Chocolate Ice Cream (With Roasted Hazelnuts)
A rich, delicious and nutty indulgence!
You're going to need:
14g cocoa powder + 2 Tbsp boiling water
75ml heavy cream
75ml whole milk
75ml condensed milk
½ tsp vanilla extract
Pinch of salt
2-3 Tbsp chopped roasted hazelnuts or other mix-ins
& this is how you make it:
Mix cocoa and water into a paste. Add cream, milk, condensed milk, vanilla and salt. Whisk until well mixed. Pour into dessert cup to Max line and freeze overnight. Process on Ice Cream setting, then sprinkle nuts on top and run a Mix-in cycle.
Karak Chai Ice Cream
Tastes like proper stovetop karak, just colder and thicker!
You're going to need:
3 tablespoons Ceylon tea leaves
6 ginger match sticks
A small handful fresh mint
3 peppercorns
2 cloves
1 large cinnamon stick
1 tsp ground cardamom
Sweetener of choice (this recipe uses "Suki", which is sugar free and bakes well) - alternatively use condensed milk if not making it sugar free
¾ can evaporated milk
1 teaspoon milk powder for thickness OR ½ teaspoon xantham gum
½ cup fresh cream
Biscuit crumble for topping
& this is how you make it:
In a pot, add the tea leaves, ginger sticks, mint, peppercorns, cloves, cardamom and cinnamon stick. Add 3 cups water and boil for 15 minutes until the liquid reduces by half.

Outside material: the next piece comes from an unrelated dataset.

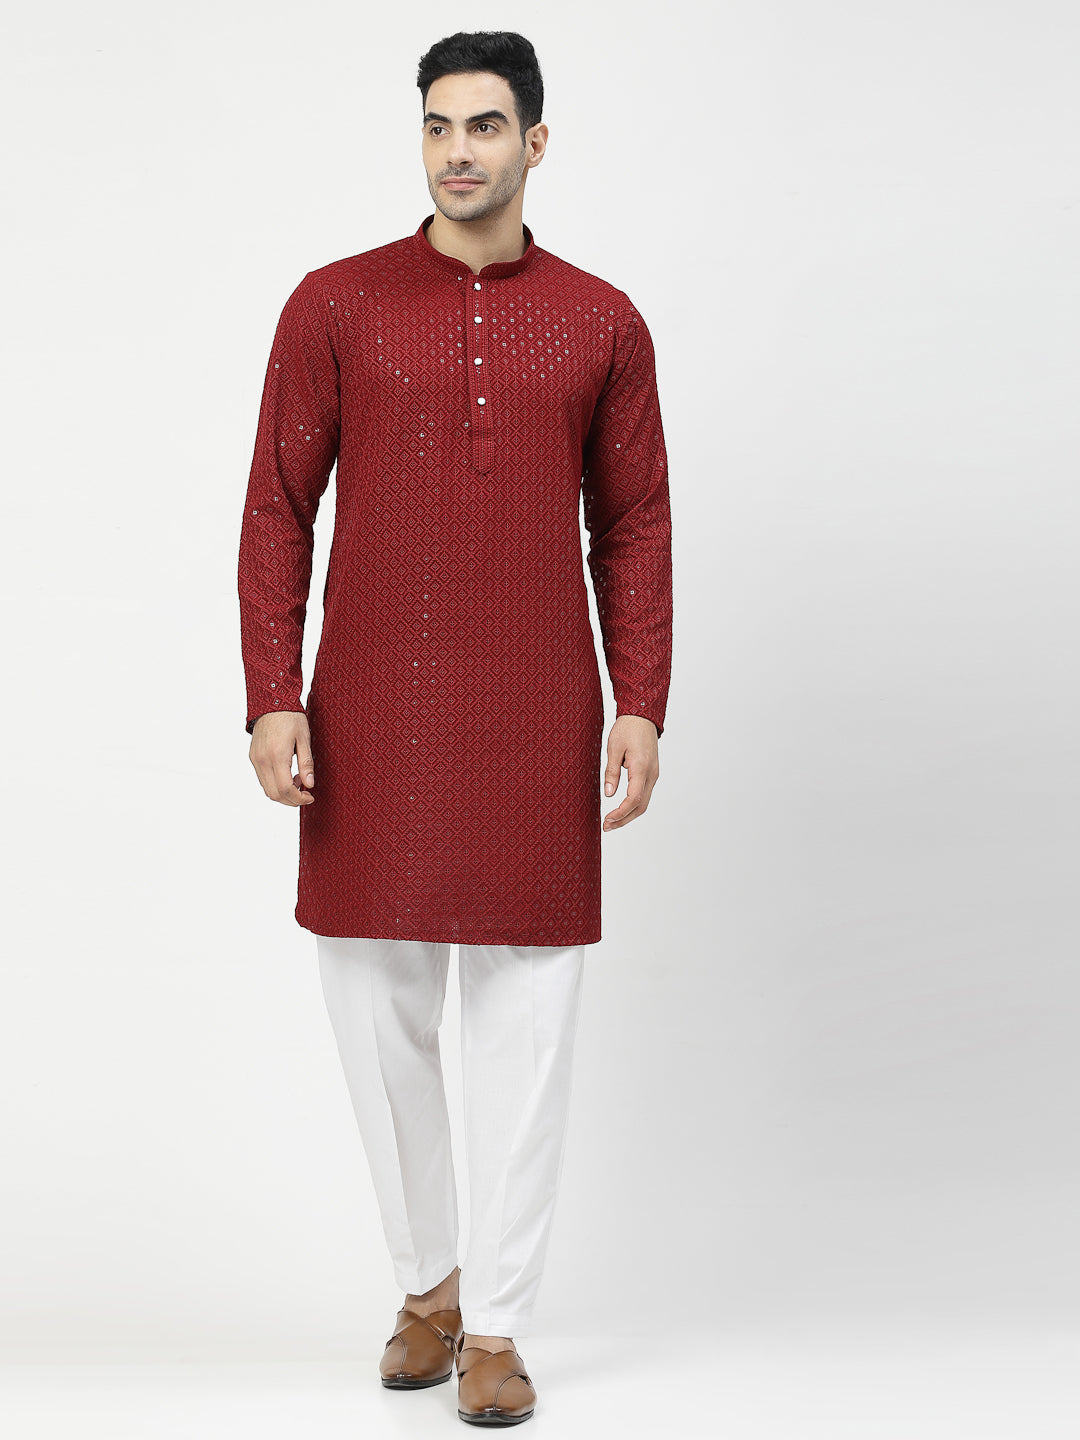 Men's Embroidery Cotton Blend Chikankari Kurta Set with White Pyjama (Wine Color)

Add your sweetener of choice. If not making it sugar free, you can use condensed milk instead. Pour in ¾ can evaporated milk and boil for another 10 minutes until slightly reduced and thickened.
Remove from the stove. Once cooled stir in 1 teaspoon milk powder for extra thickness or ½ teaspoon xanthan gum. Mix well. Add ½ cup fresh cream and stir again until fully combined.
Pour into Freeze Wand cups and freeze completely. Process using the Freeze Wand. For the creamiest texture, process twice. Top with biscuit crumble and serve immediately.